テレビに映る魔法使いはいずれも自信に満ち溢れていた。けれど、天川テルはそうでなかった。ときおり、どこか自信なさげな表情を浮かべるときもある。うっかり自分にふさわしくない場所に迷い込んでしまったとでもいうような表情だ。
――わたしが検挙するのはたいていは弱い子たちなんです。水が低いところに流れるようにして、犯罪に行き着いてしまった子たちなんです。
そんな言葉が印象に残っている。彼女が少年課に勤めていたとき、取材のカメラにふと漏らしたものだ。
――それでも、わたしは捕まえなければなりません。その子たちがこれ以上道を踏み外さないためにも。
彼女はきっと自分が弱いことを知っているのだろう。犯罪者の中に自分と同じ弱さを見出しているのだろう。その弱さ、揺らぎがユリの心をとらえた。
きっと自分もコンプレックスが強いからだとユリは思う。自信がなくて、何をするにしても一度足を止めて考えずにはいられない。
けれど、天川テルはそこで止まらない。悩んで、苦しいはずなのに前に進む。崖の突端で踏ん張って、うんと手を伸ばす。そこから落ちようとしている人たちを救うために。
ユリは自分が臆病だからこそ知っている。それは大変なエネルギーを要することだ。どうしたらそんなことができるようになるのだろう。どうしたら自分も彼女のようになれるのだろう。そんなことを考えるようになった。

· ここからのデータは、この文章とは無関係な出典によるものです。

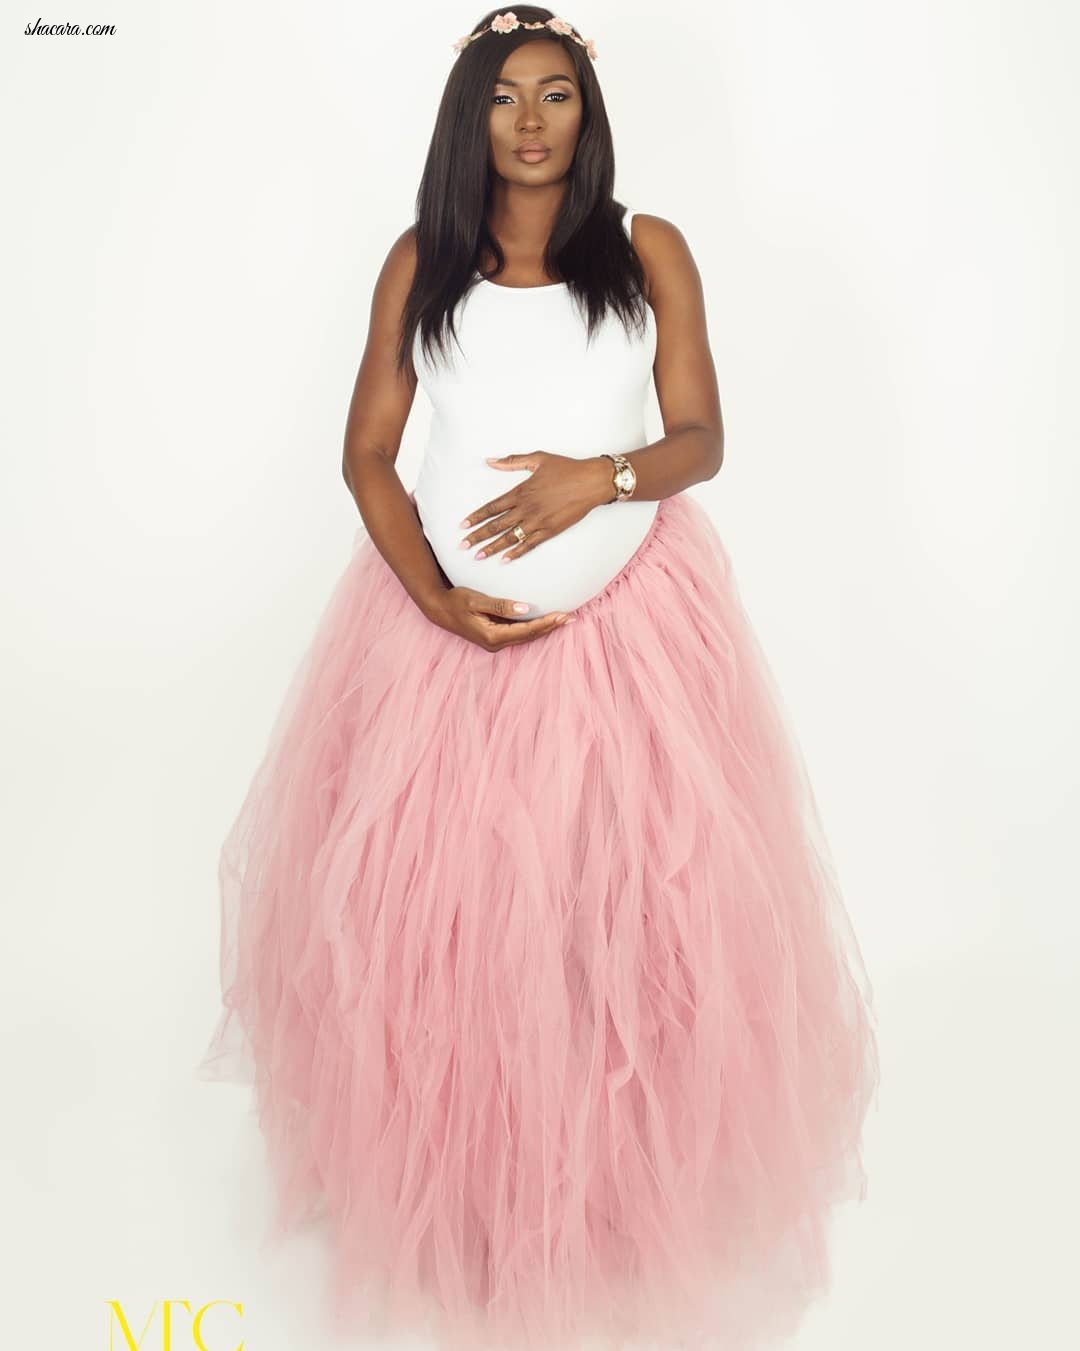 Comedian Wale Gates, Wife Lanre Welcome Baby Girl & Release Beautiful Maternity Photos

彼女のことを考えると宙に舞い上がるような気持ちになることもあったし、地面に埋まってしまいたいほど惨めな気持ちになることもあった。そんな気持ちを経験するのはまったく初めてのことだった。
天川テル。
憧れの魔法使い。
短く切りそろえた黒髪。
すらりと伸びた肢体。
トレードマークの星型のヘアピン。
そして、その特徴的なハスキーボイスはバスの運転手に要求を発したのとまったく同じ声だった。